Charleston’s streets are often busy with locals and visitors enjoying nightlife and private gatherings. While most celebrations end safely, serving one too many drinks can lead to a serious crash. When a guest leaves a party and causes a DUI accident, victims may question whether the host can be held responsible.

In South Carolina, host liability depends on the driver’s age. The law distinguishes between social host liability and dram shop liability, which applies to bars and restaurants.

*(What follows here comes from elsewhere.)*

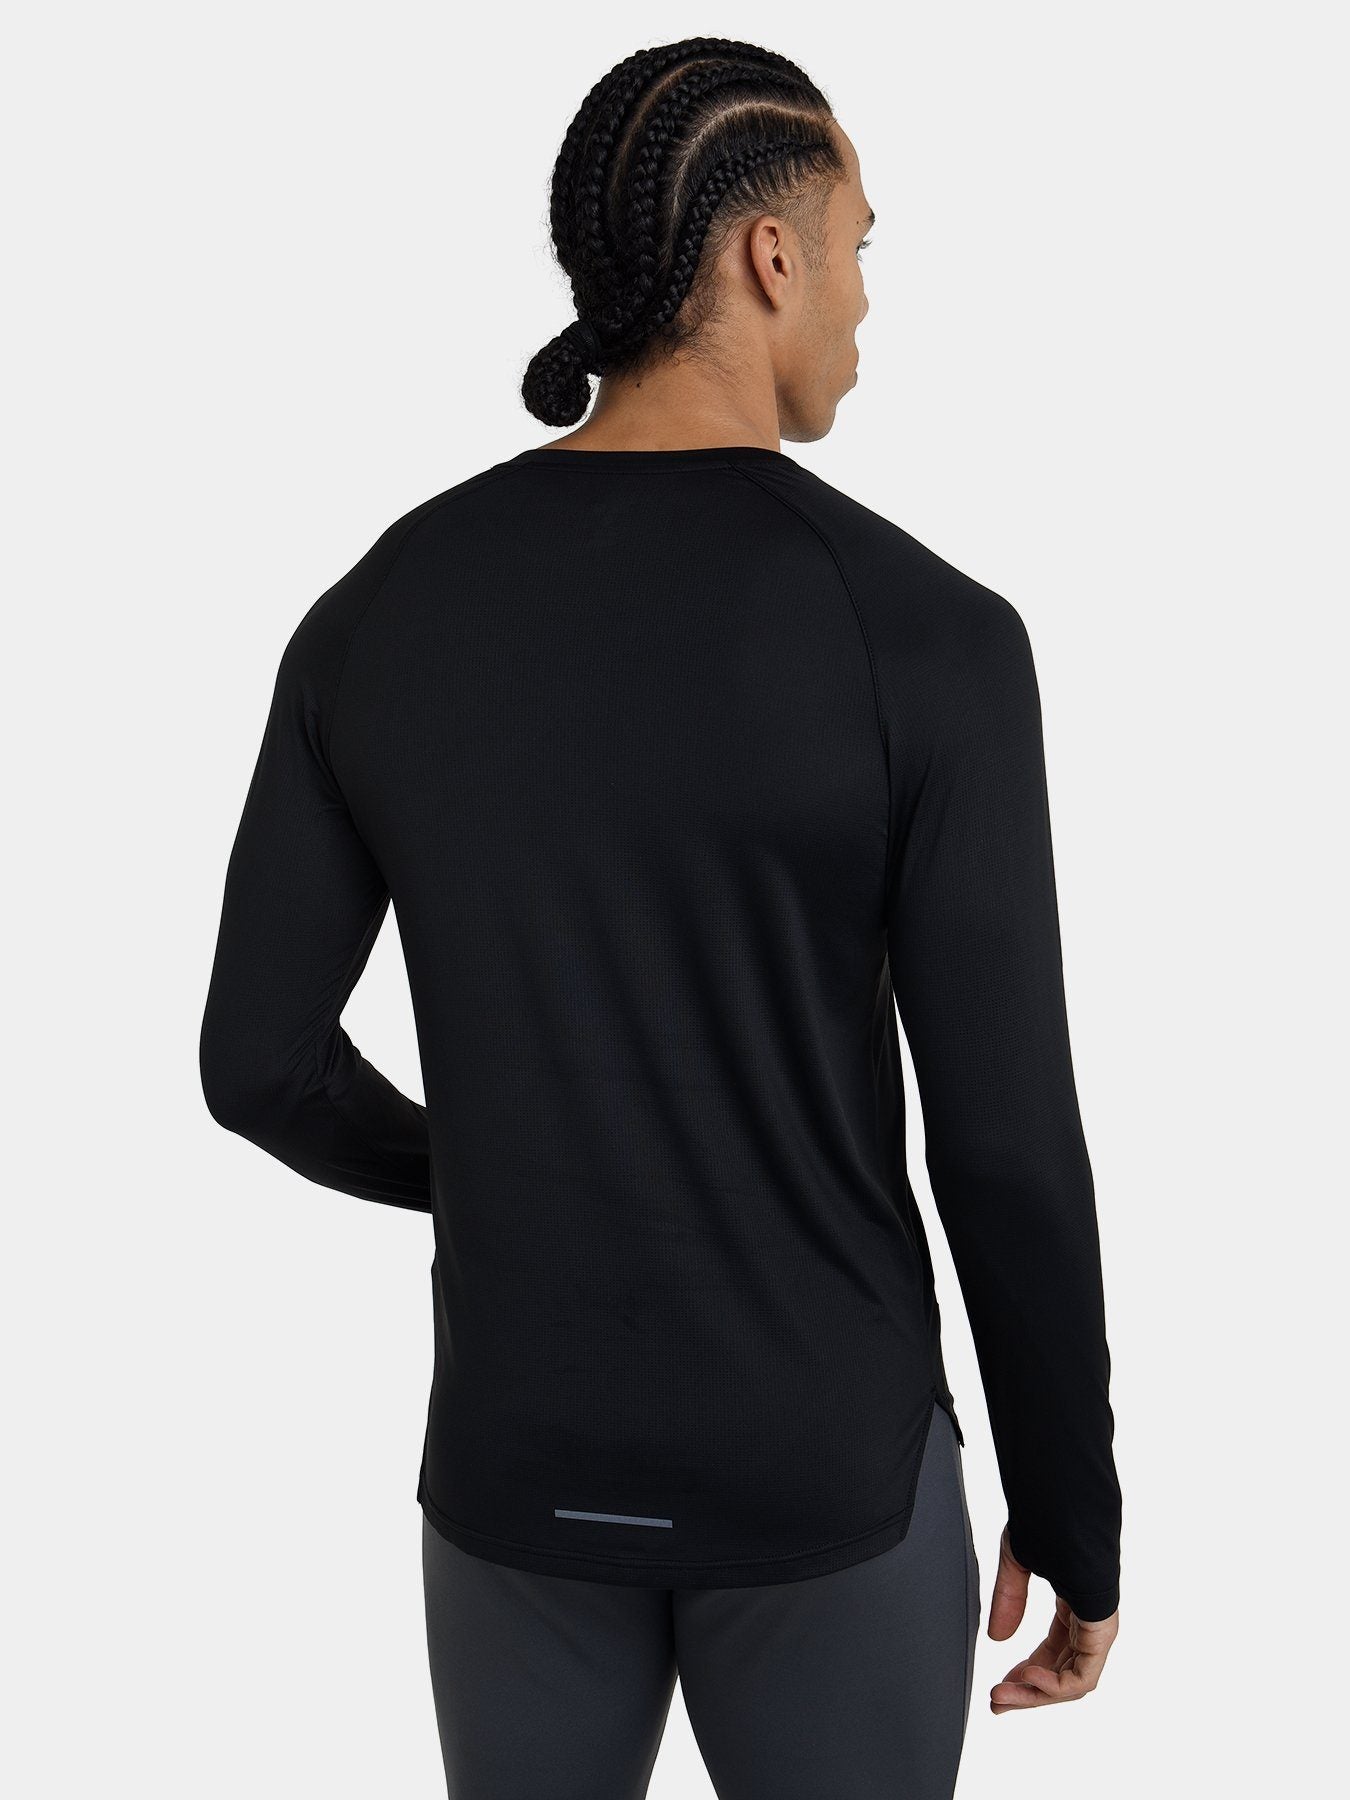 Saiyan Evolution' Long Sleeve Super Slim Fitted Compression Shirt -  Chameleon Black/Silver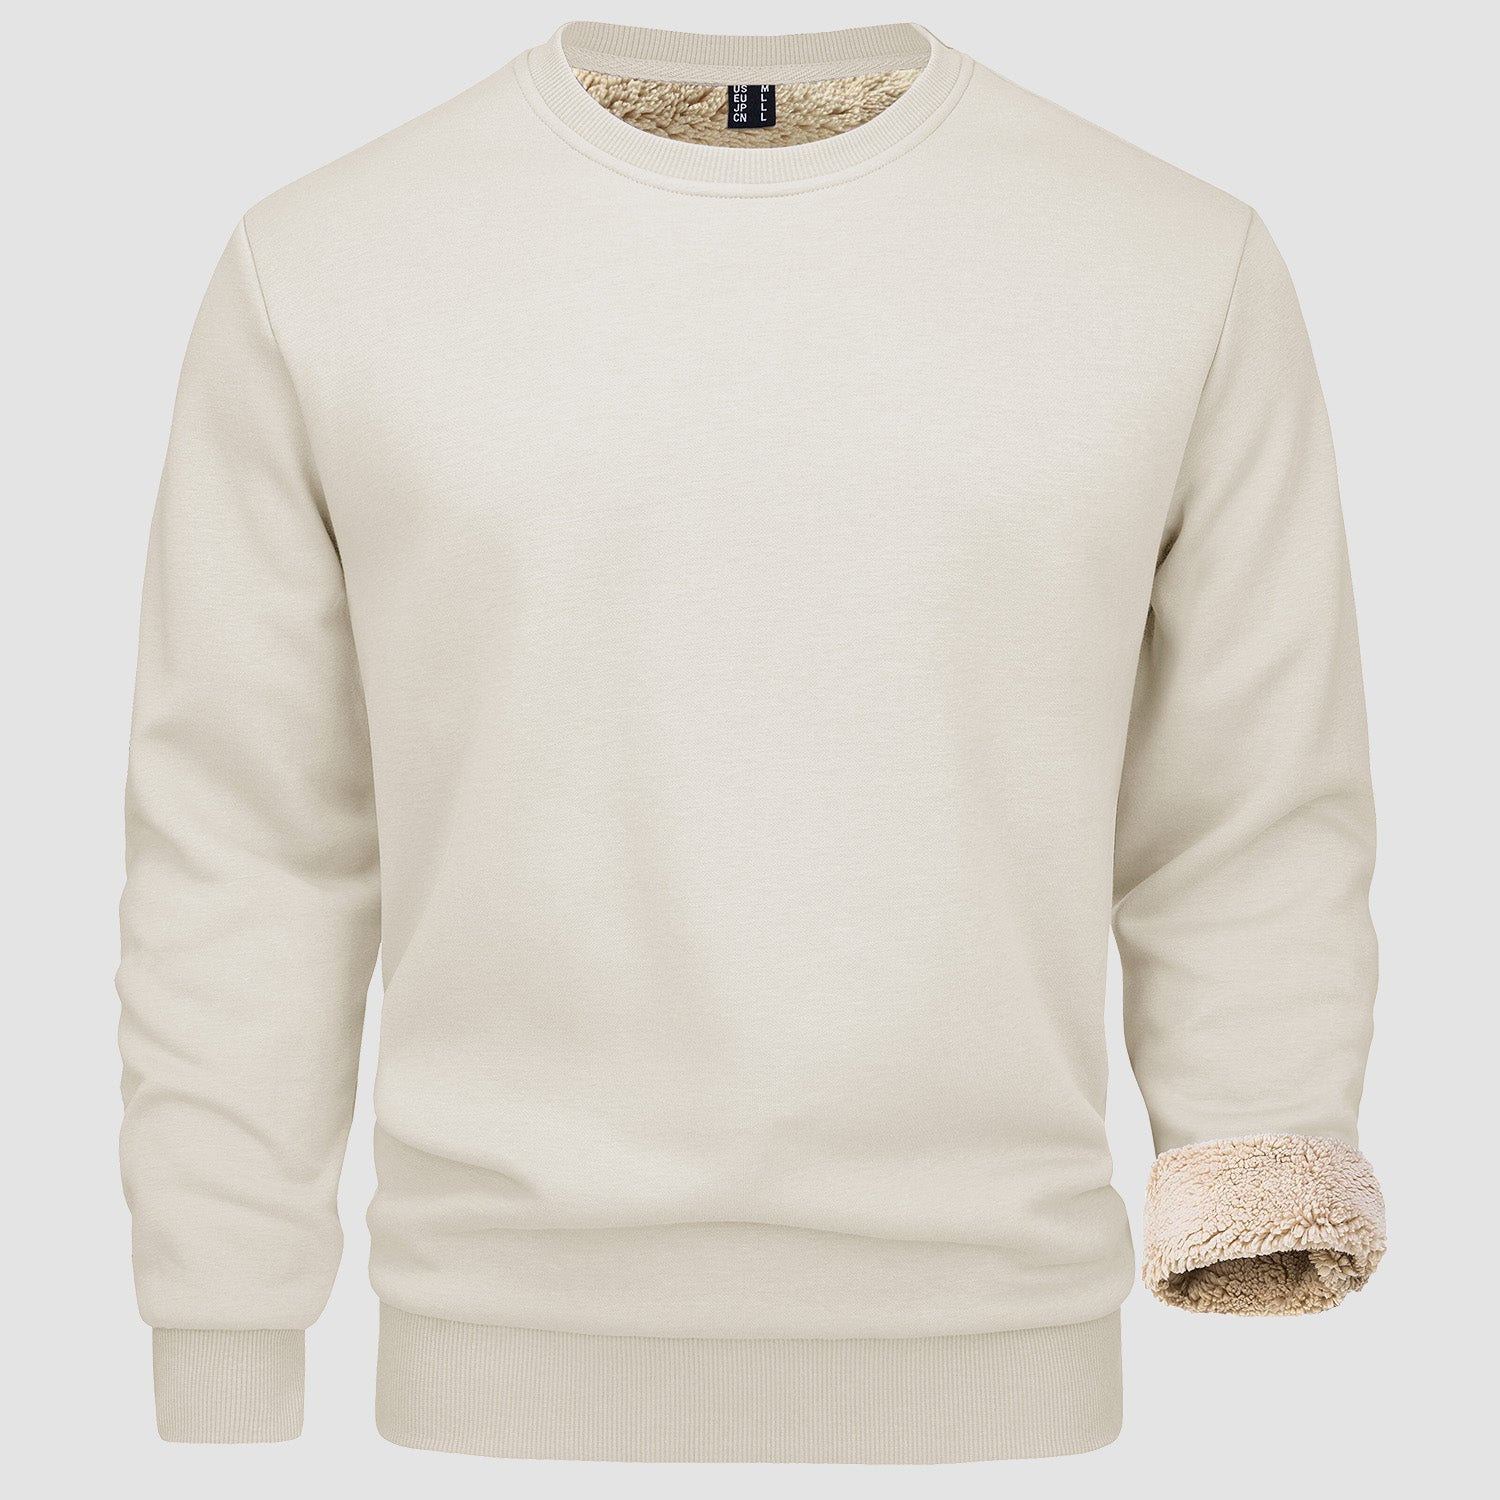 Men's  Basic Pullover Crewneck Sweater Fleece Lined Sweatshirt

Understanding this difference is essential after a crash involving alcohol served at a private home.

Social Host Liability

Under current South Carolina law and court decisions, a host is generally not civilly liable for serving beer or wine to a guest who is 21 or older, even if the guest appears intoxicated.

The South Carolina Supreme Court addressed this in Garren v. Cummings & McCrady, Inc., deciding that the state does not recognize common-law claims for social host liability when alcohol is served to adult guests. If someone over 21 drinks at a friend’s home and later causes a crash, the injured party generally cannot recover from the host on a negligent alcohol service theory. Responsibility falls on the driver who chose to drink and get behind the wheel.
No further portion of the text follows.